O que os investidores querem é segurança para investir e ter o esperado retorno de capital. Para viabilizar as PPPs, é necessário apenas dar segurança jurídica por meio de licitações claras, em que possam ser conhecidos os deveres e direitos dos vencedores das licitações.

Para o melhor, maior e mais rápido crescimento econômico, é conveniente que o governo abra mão das outorgas, pois elas oneram o custo. Quem paga mais outorgas tem custo mais alto, e a consequência são tarifas mais caras. Tarifas mais caras significam transporte mais caro, aumentando o Custo Brasil, que reconhecidamente é um dos problemas para o desenvolvimento sustentável.

A Reforma da Previdência precisa ser vista como um projeto de Estado, e não de governo.

O presidente Bolsonaro deu um passo ao encaminhar para o Congresso um projeto de reforma. Deveria assumir a articulação e trabalhar para sua aprovação, em vez de ficar buscando a definição de política velha ou política nova.

Entendo que tanto o Executivo quanto os congressistas eleitos e reeleitos são partícipes da nova política, pois todos tiveram os seus mandatos, seja o primeiro, ou renovados pelos eleitores brasileiros em legítimo processo democrático.

Aproveito para, mais uma vez, agradecer pela presença dos parlamentares. Peço que, em nome da sociedade brasileira, iniciem os debates sobre a Reforma da Previdência; façam os ajustes necessários, que sejam frutos dos debates; e aprovem a Reforma, tão necessária para o destravamento do nosso crescimento econômico.

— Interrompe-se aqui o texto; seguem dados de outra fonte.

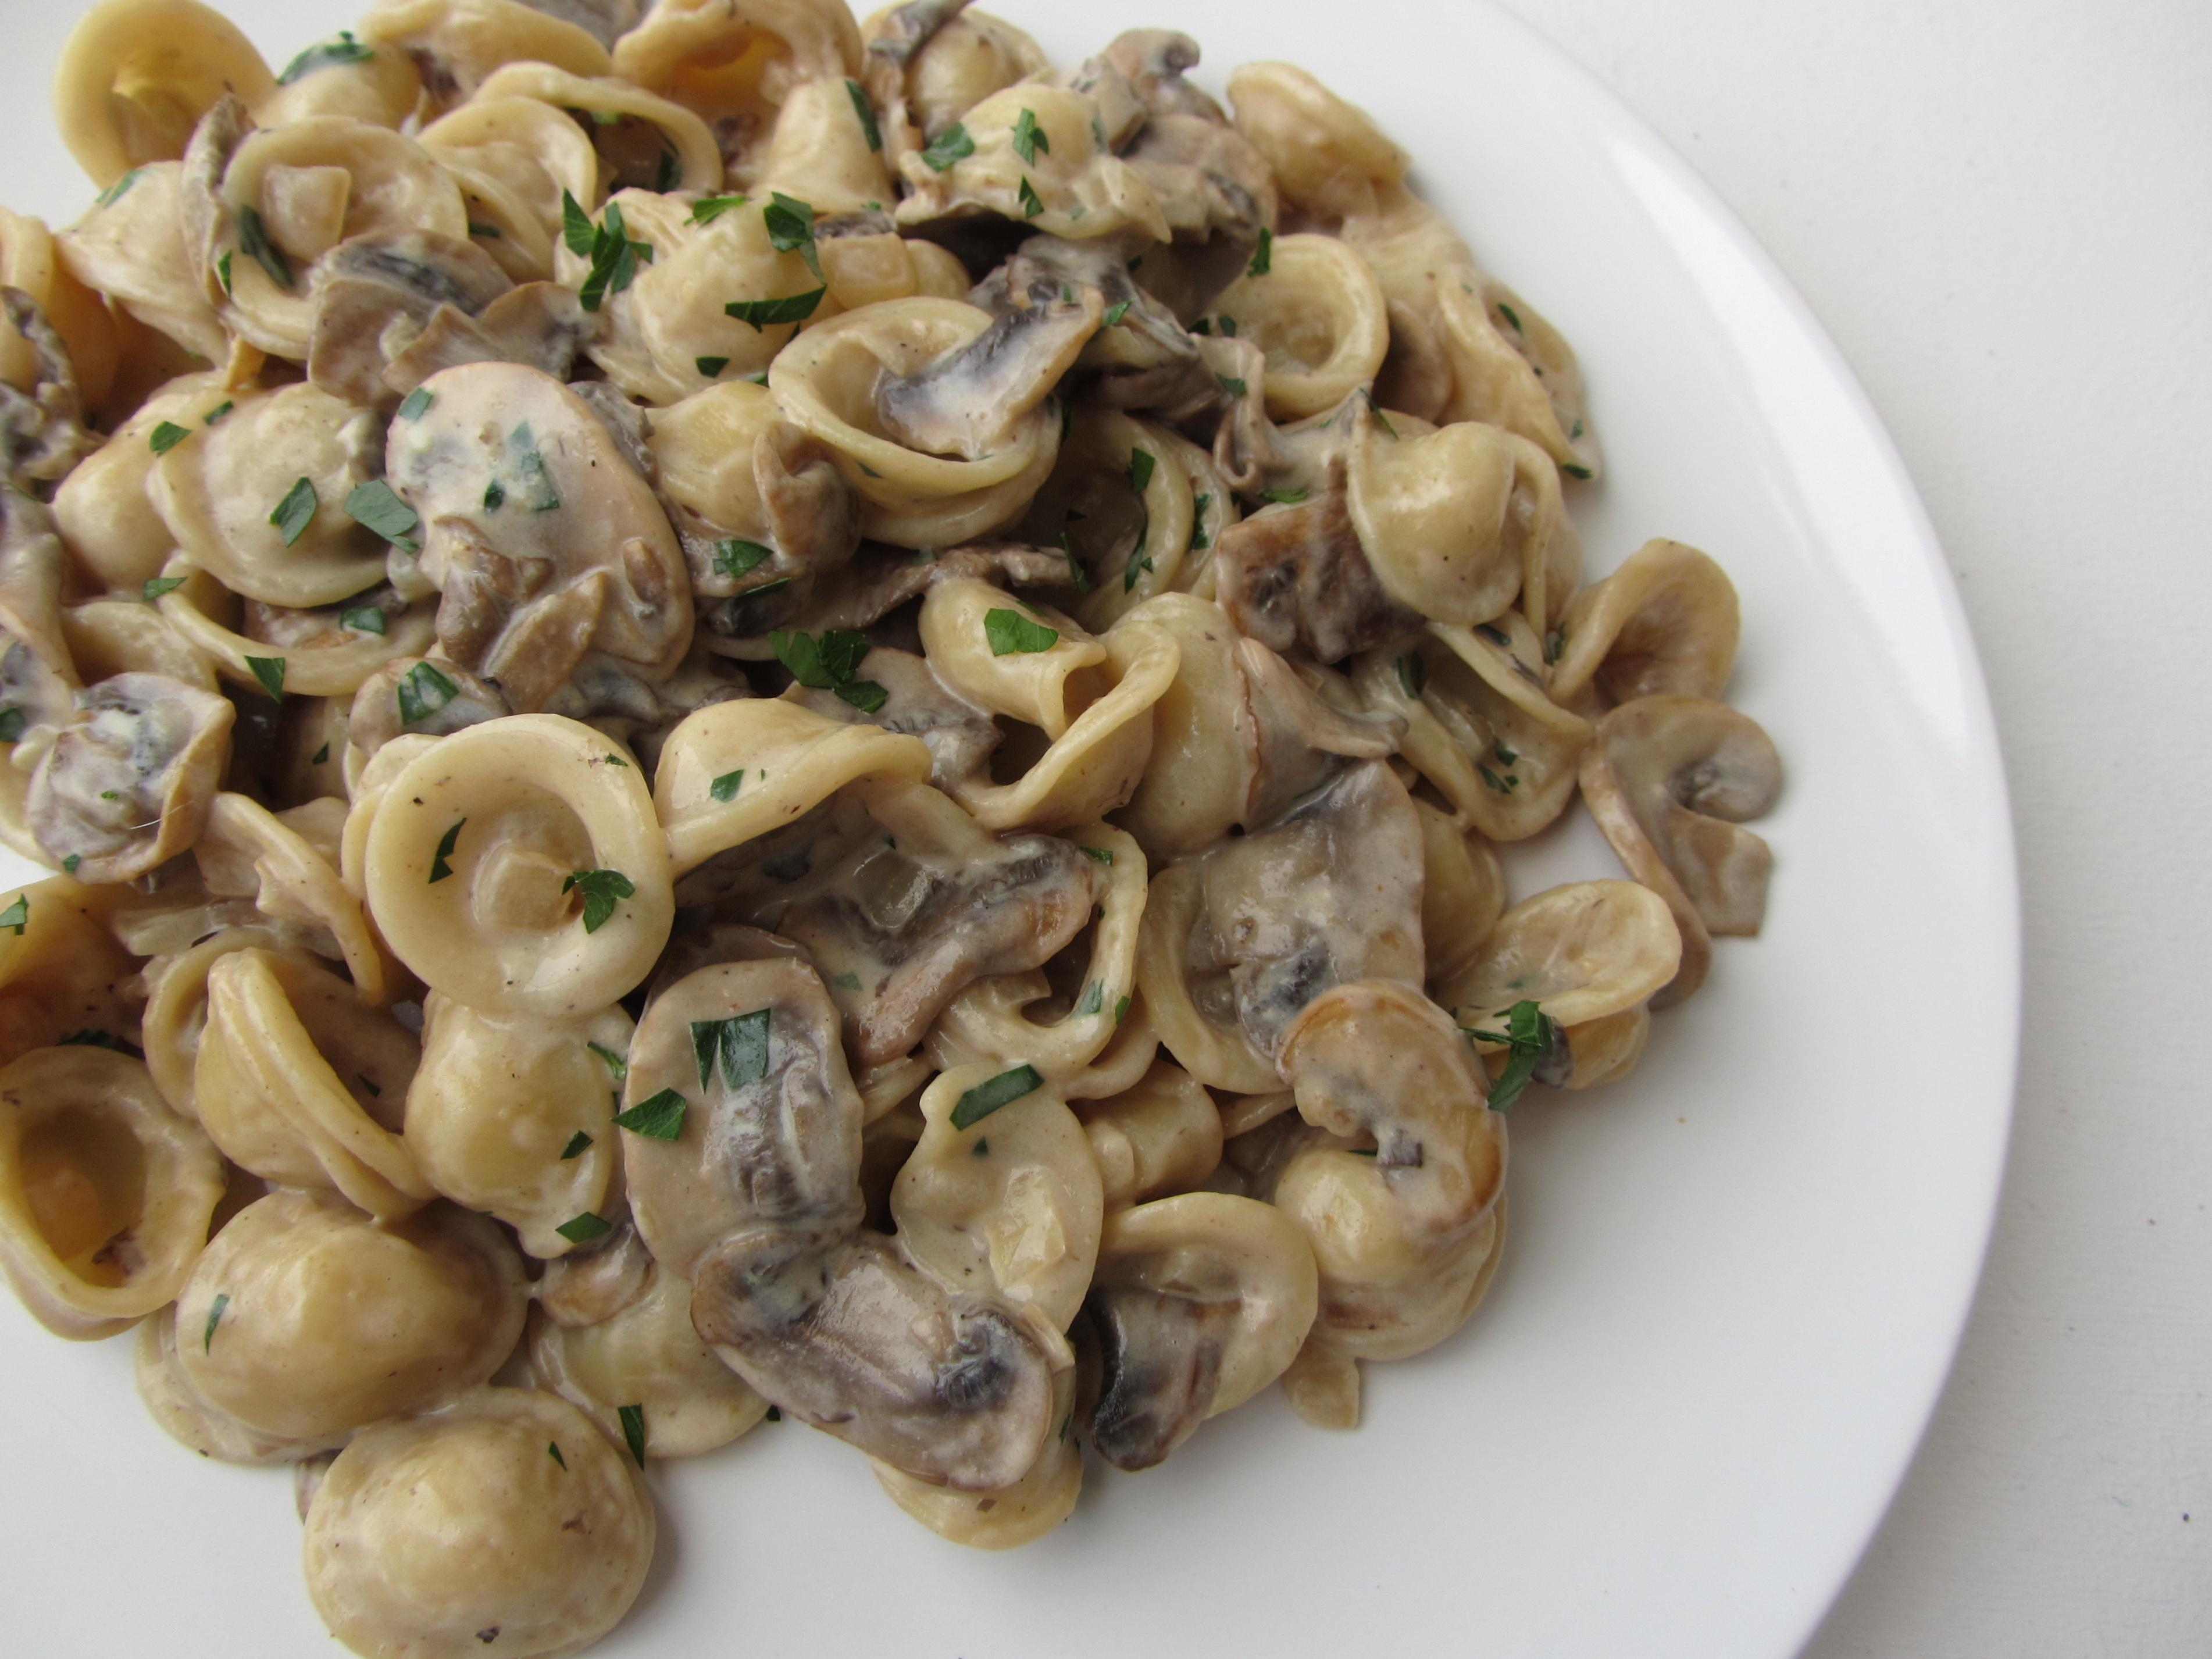 Orecchiette Pasta in Creamy Mushroom Sauce | I'm Not A Cook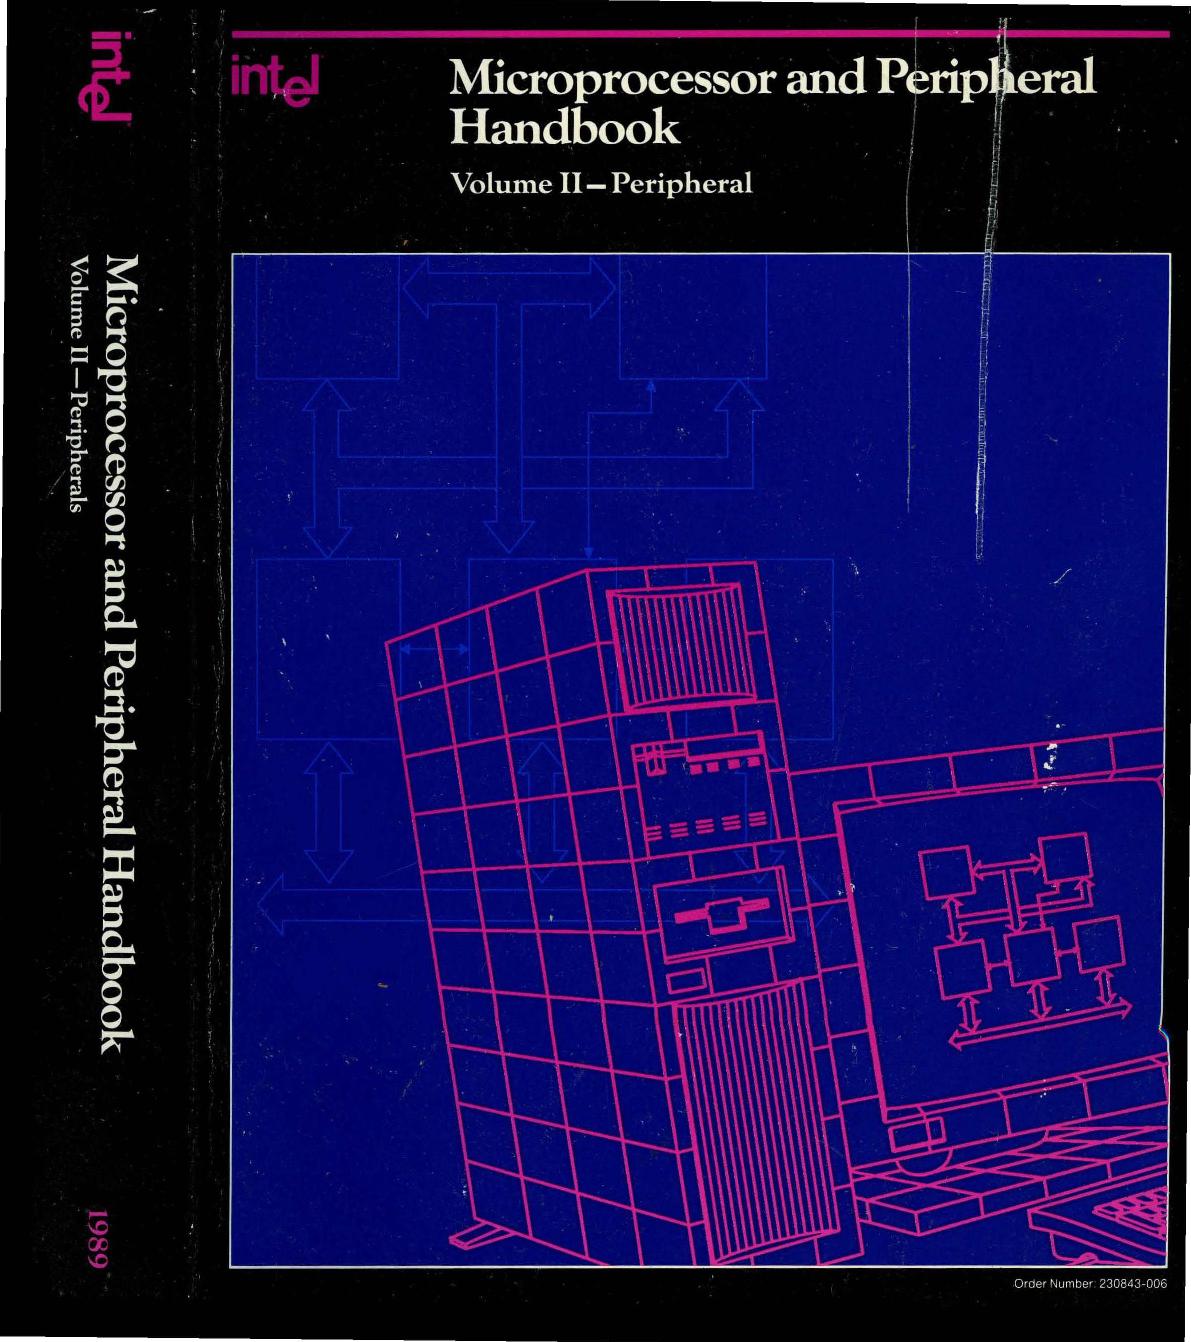 1989_Microprocessor_and_Peripheral_Handbook_Volume_2 1989

Além da Reforma, cabe ao Congresso Nacional discutir outros grandes temas, como a segurança pública, a Reforma Tributária e a Reforma Política. Nos próximos quatro anos, teremos muito trabalho.

A CNT tem um excelente banco de dados, com as melhores informações sobre o transporte, a mobilidade urbana e a necessidade de investimentos para o desenvolvimento do Brasil.

Colocamos nossas informações à disposição dos parlamentares que queiram apresentar projetos para o desenvolvimento do nosso país.

Nossa ação no Poder Judiciário será constante. Estaremos atentos e, sempre que houver descumprimento de qualquer legislação, em prejuízo do transporte, não deixaremos de propor ações judiciais em defesa dos nossos interesses.

Fazer uma carreira institucional não é tarefa simples, pois transcende nossa vontade e dedicação.

Agradeço aos exemplos que recebi do meu pai, Vicente Costa, meu inspirador na caminhada pelo Setcemg e pela Fetcemg, que me fez chegar à CNT.

Agradecimento especialíssimo à Eliana, minha esposa há 33 anos, que acompanhou toda a minha trajetória e que, junto com as minhas filhas Priscila e Talita, soube compreender e me apoiar na vida sindical.

Aos colaboradores da CNT, do SEST SENAT e do ITL meu muito obrigado. Conto com todos vocês. Seguiremos, juntos, com entusiasmo, ética, transparência e compromisso, trabalhando pelo desenvolvimento do transporte e do nosso país!